Эта версия пришлась ему по душе, и он в деревне, а потом и в городе всем хвалился, как они вдвоём лихо хозяина тайги прогнали.
— Дак как в армии-то? — перебил воспоминания парня Леший.
— Жить можно!
— Ну, жить везде можно!
— Хорошо кормят-то?
— Нормально!
— Хватает?
— Ну, сначала не хватало, а потом даже остаётся.
— Не забижают командиры?
— Да не, нормально! В учебке, правда, трудно было, я уж комиссоваться хотел, да не получилось, — признался Серёжка.
— Заболел што ли?
— Да не! Хотел заболеть. Первый месяц думал, вообще не выжить на хрен. Так гоняли, так гоняли, никаких сил не было. Уставали, как собаки, и всё время спать хотелось. Я уж хотел ногу ломать, чтобы в госпитале поваляться да выспаться, как следует…

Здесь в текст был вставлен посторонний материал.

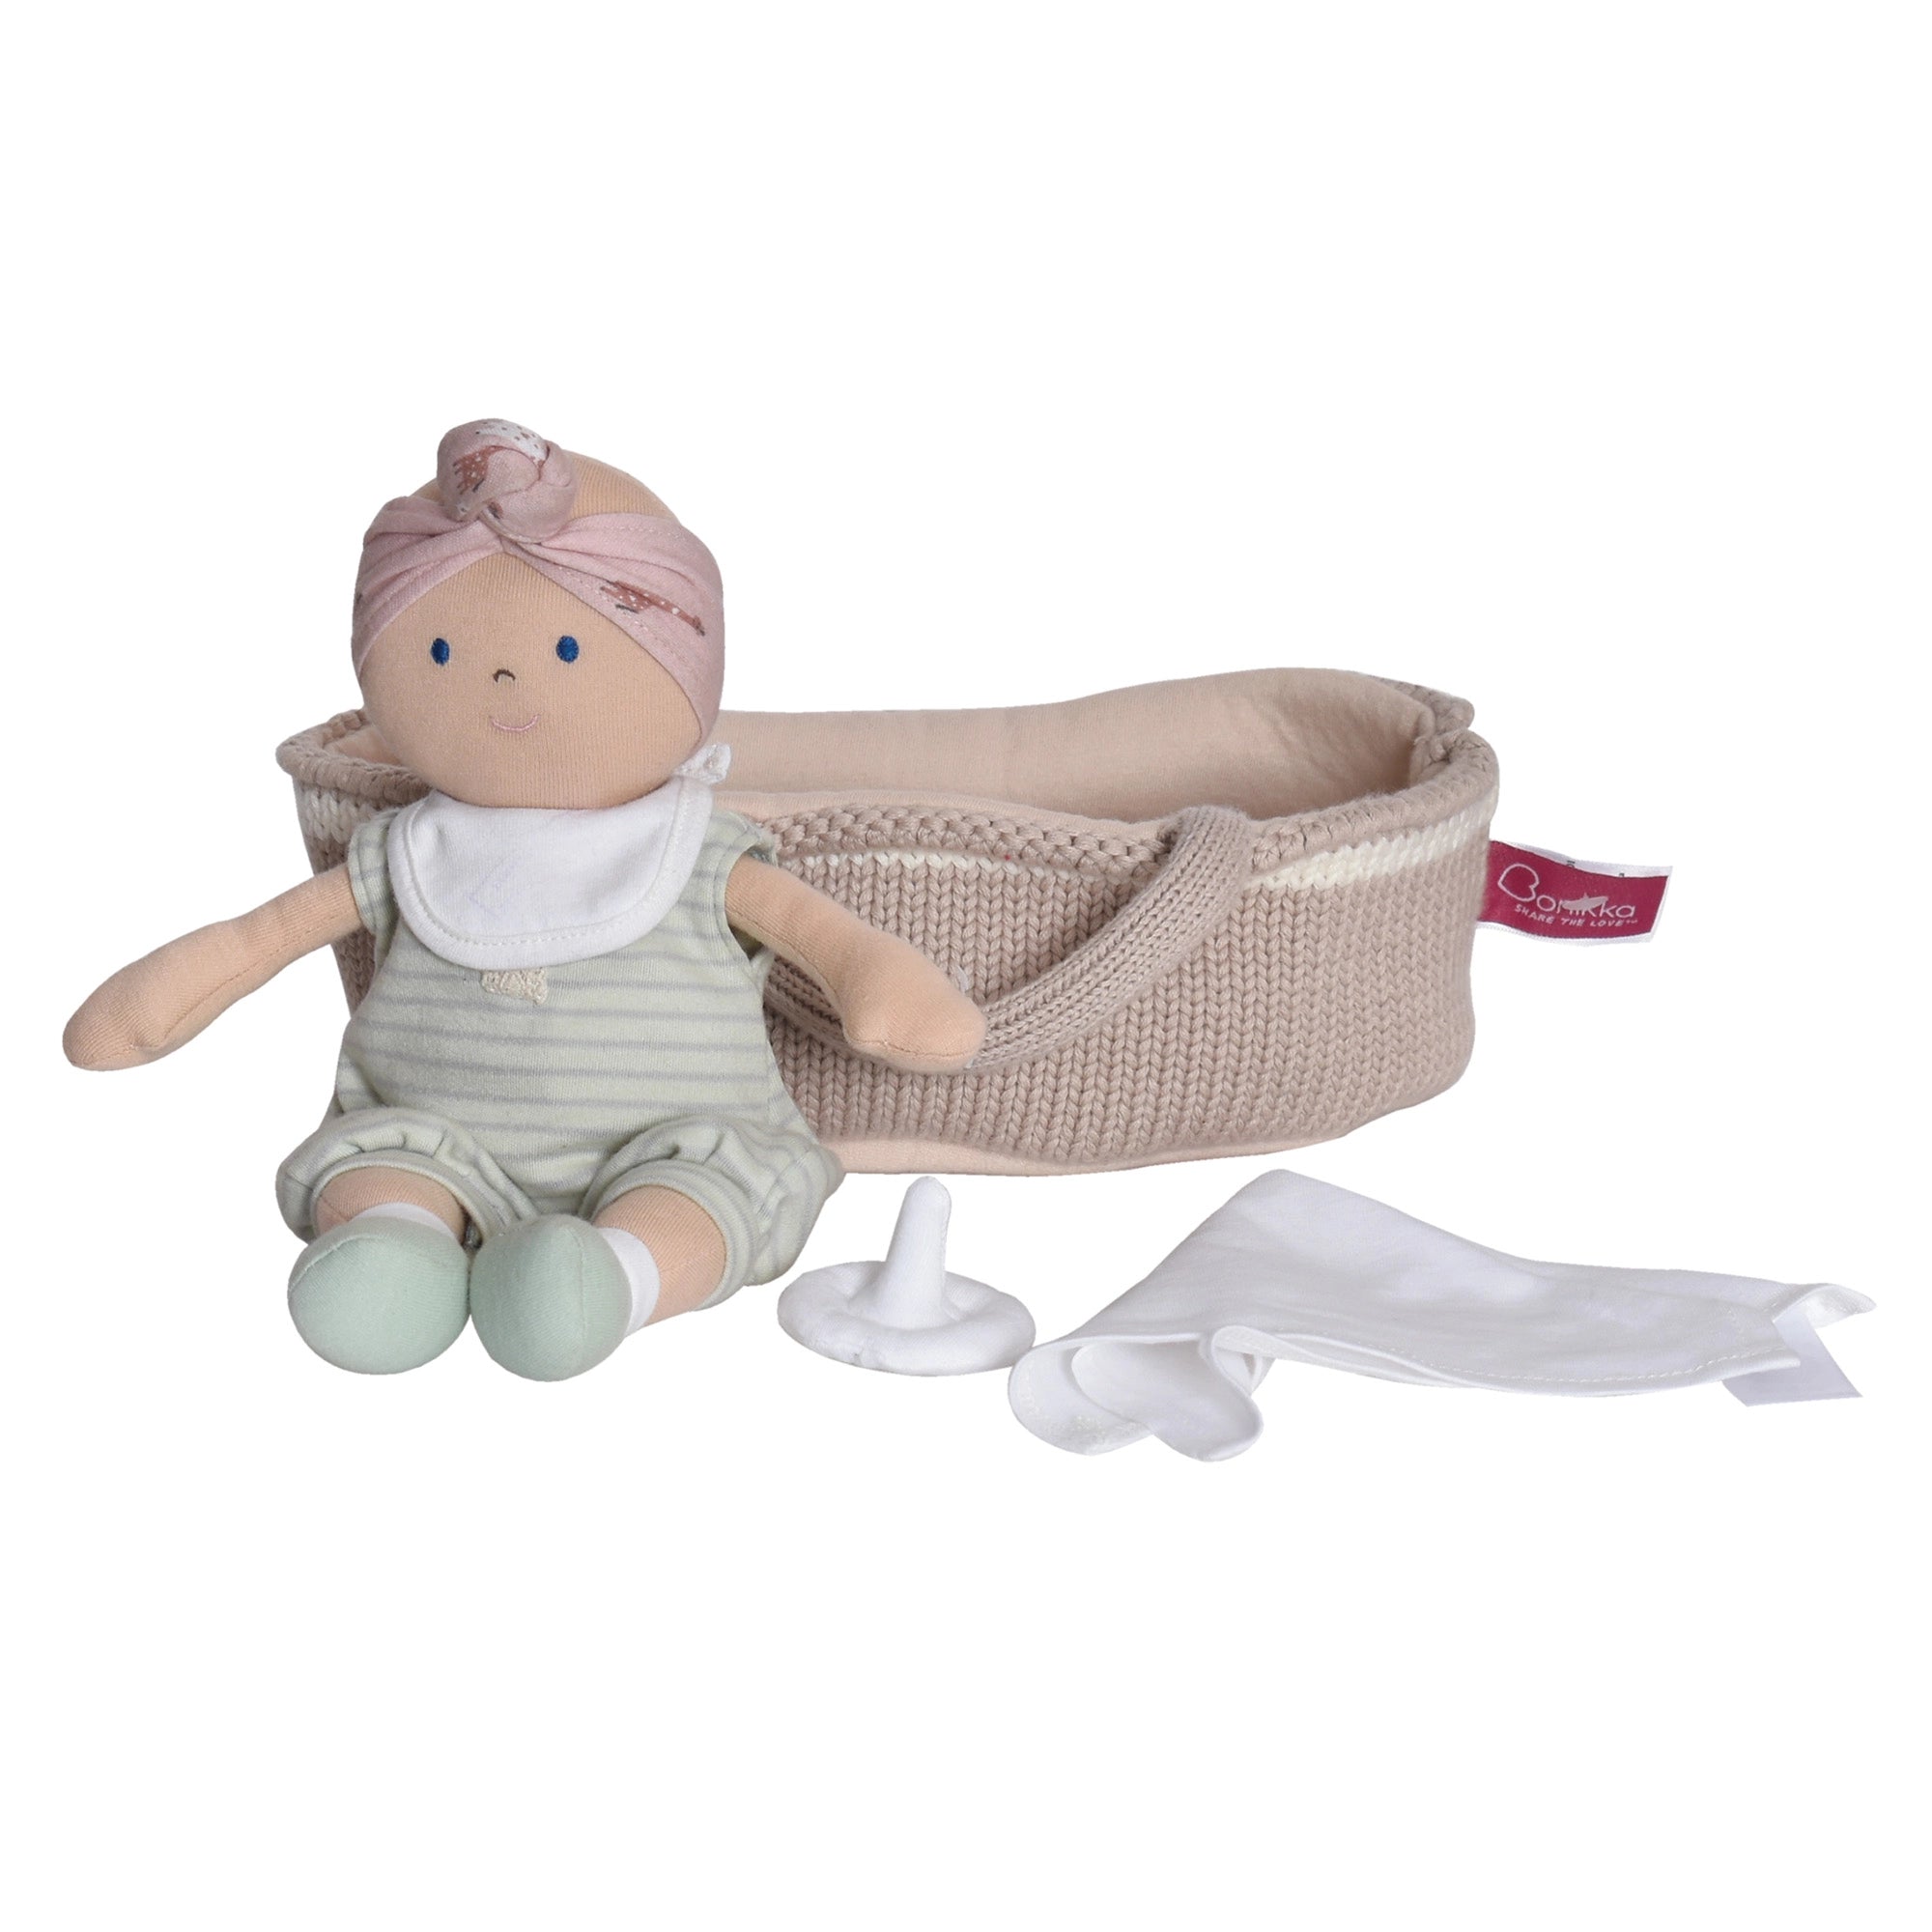 Knitted Carry Cot with Remi Baby - Light Skin, Soother & Blanket

— Как это ногу ломать? Нарошно што ли?
— Ну да! У нас там кочегарка в части была своя, резервная. Ну, мы с друганом вечером в свободное время за кочегарку зашли, там поленница дров. «Давай, — говорит, — друг другу ноги переломаем!» «А как? — спрашиваю. «Сначала ты мне поленом по ноге треснешь, а потом я тебе». «Не-е, — говорю, — боюсь я поленом по твоей ноге бить». «Ну, давай, — говорит, — тогда сначала я тебе шваркну, а потом ты мне». Вот, значит, я бушлат скинул, ногу обмотал, чтобы помягче было, на землю лёг, пятку на ступеньку. Он ка-а-ак размахнётся, да ка-а-ак мне поленом ниже колена шваркнет! Ой, я и взвыл! Как пожарная сирена! Потрогал, кости на месте. «Давай, — говорит, — ещё раз попробуем». Но я уже согласен был лучше пятикилометровый кросс бежать, чем второй раз поленом по ноге.

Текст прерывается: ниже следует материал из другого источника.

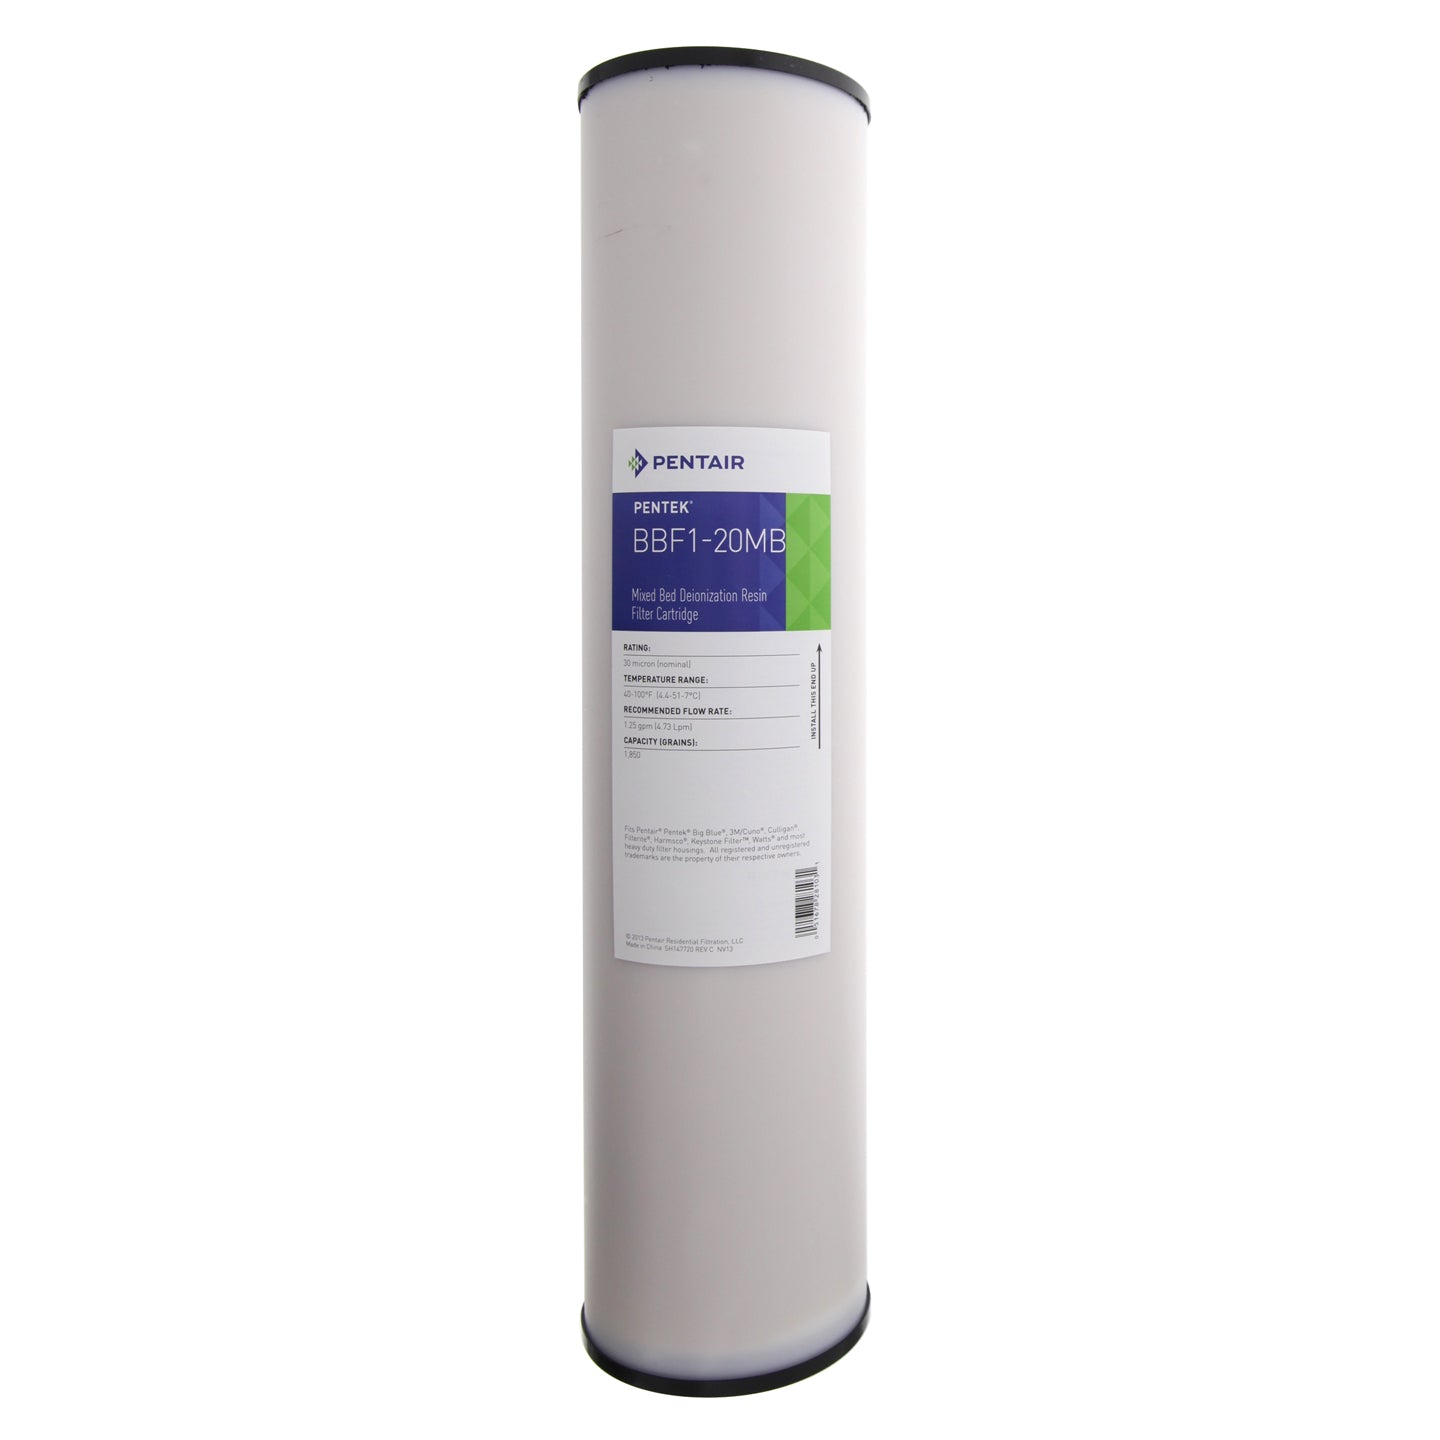 Pentek BBF1-20MB Mixed Bed Deionization Water Filter (20-inch x 4.5-inch)

— А он? Ну, у ево-то кость сломали?
— Не-е! Он тоже забоялся. А у меня потом такой синячище на ноге был, я два дня хромал. Ну, командир и отрядил на двое суток на кухню картошку чистить. Правда, я потом ещё раз хотел закосить. Уже по осени. Всё у той же кочегарки. Нашёл там дохлую ворону. Ну, думаю, надо у неё желчь сожрать, чтобы пожелтеть. Подумают, что желтуха, и домой комиссуют.
— Неужто съел?
— Не, слушай дальше. Я позвал Толяна, ну, другана того самого, ему предложил. Он сразу же согласился. Только вот как эту желчь съесть? «А давай, — говорит, — мы её одеколоном разбавим. Ну, как на спирту получится». Взяли одеколон, опотрошили ворону, нашли желчь, чтобы не разлить, осторожно её вырезали. Там такая тёмная, какая-то зеленовато-коричневая жидкость была, выливаем в стакан, она вся аж пузырится. Одеколона плеснули, водой разбавили. А пить никоторый не решаемся. Менжевались, менжевались, потом оба по глотку сделали, и чуть не выблевали тут же. Такая гадость была! Дядя Аник, ты не поверишь! Противнее я никогда в жизни ничего не пробовал.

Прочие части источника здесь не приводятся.